Medical Poetry and Poet-Physicians: A Critical Stylistic Analysis of Rafael Campo’s Poems
DOI:
https://doi.org/10.31185/lark.5043Keywords:
Critical Stylistics, Medical Poetry, Poet-Physicians, Ideology, and IdentityAbstract
This research paper investigates the language of poet-physicians and how medicine with the effect of art is presented in medical poems. The presentation of poet-physicians and medical poetry is seen as important subject to tackle since medical poetry did not take a considerable amount of attention. One of the main aspects to study medical poetry is the effect of literature vs. medicine and how it’s linguistically presented. The selected poems are examined using critical stylistic tools of Jeffries (2010) (i.e., naming and describing, representing events/actions/states, equating and contrasting, and implying and assuming). A piece of literature about illness is not only seen as a story of painted experience but also as a record, a testimony, and wisdom behind such experience. Thus, poet-physicians can produce in their language a combination of two different ways of knowing is manifested in their writings. The aim of the research is to examine the relation among medicine, literature and language. The primary question in this research paper is what are the linguistic structures employed to present poet-physicians and their mastery of both medicine and art?

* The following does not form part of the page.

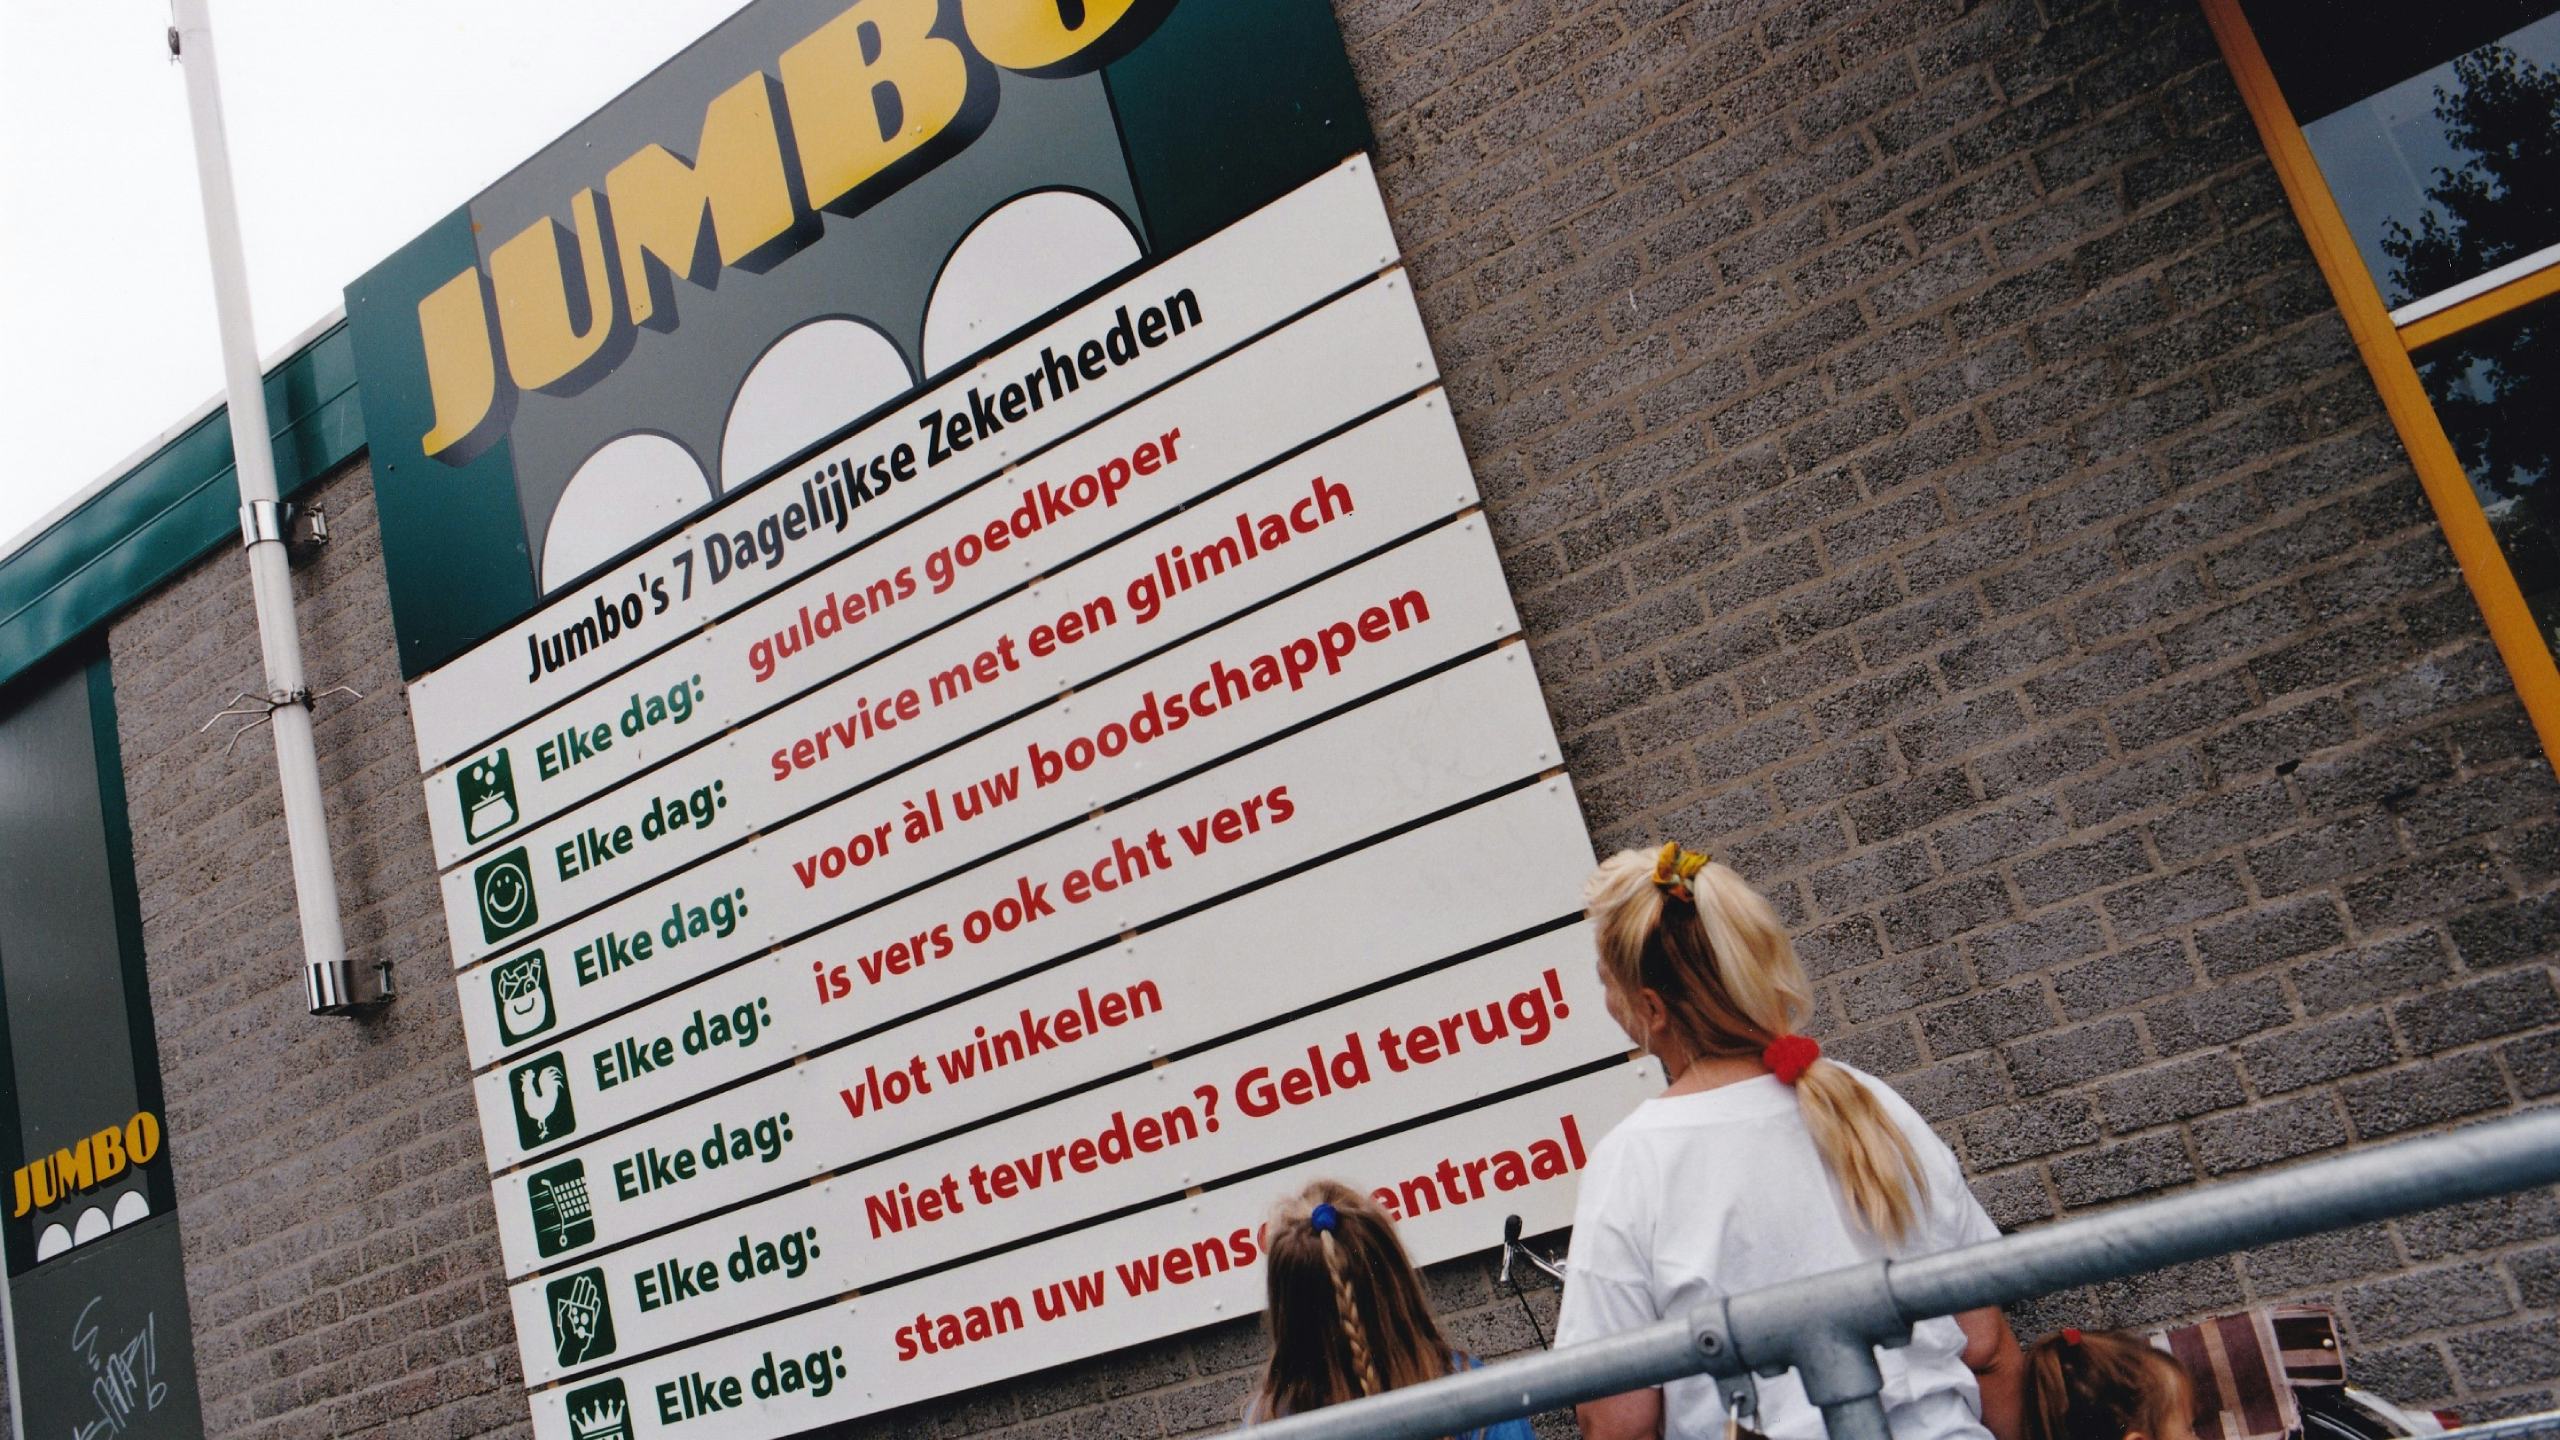 Jumbo in Den Bosch was de eerste supermarkt waar de Zeven Zekerheden werden gelanceerd. Foto: Voermans van Bree

And what are the ideological functions of linguistic choices in the presentation of the relationship between poet-physicians and the patient? The results have revealed that Campo’s linguistic choices ideologically democratize the medical encounter, presenting doctor and patient as co-participants in meaning-making. The physician’s voice is not authoritative but reflective; the patient’s body is not object but storyteller. Through stylistic balance between scientific precision and poetic imagination, Campo constructs an inclusive discourse in which medicine becomes an act of compassion and art a form of healing.